WORK INSTRUCTION: When the data below is printed, every line must match exactly and the images must be absent.
**** GIVEN DATA
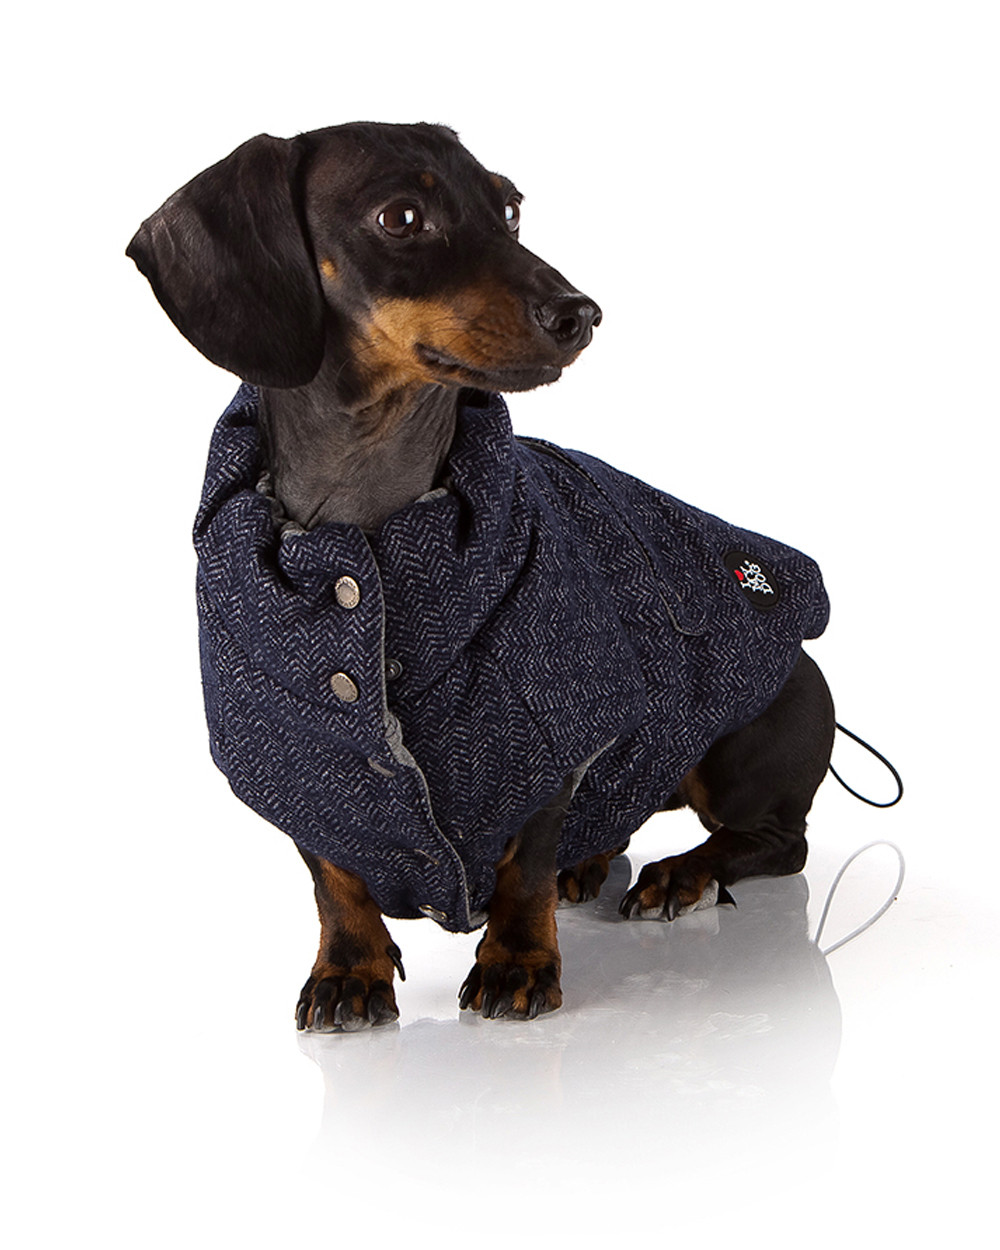 Jacket for Dogs - Free Shipping
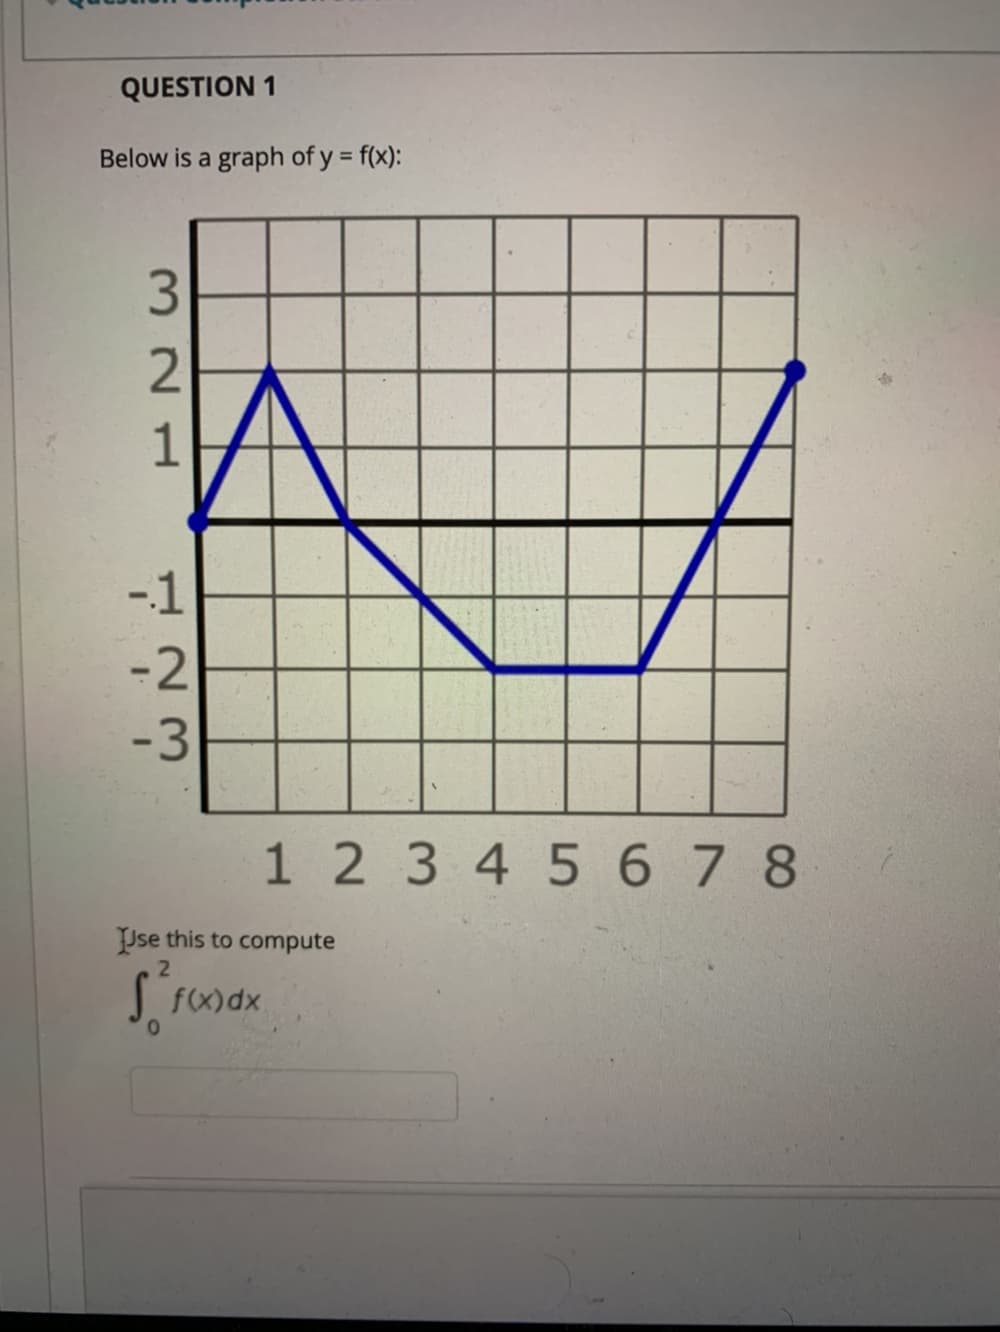 QUESTION 1
Below is a graph of y = f(x):
%3D
3.
2.
-1
-2
-3
1 2 345678
Use this to compute
f(x)dx
********
WORKED SOLUTION:
 Jacket for Dogs - Free Shipping
 QUESTION 1
Below is a graph of y = f(x):
%3D
3.
2.
-1
-2
-3
1 2 345678
Use this to compute
f(x)dx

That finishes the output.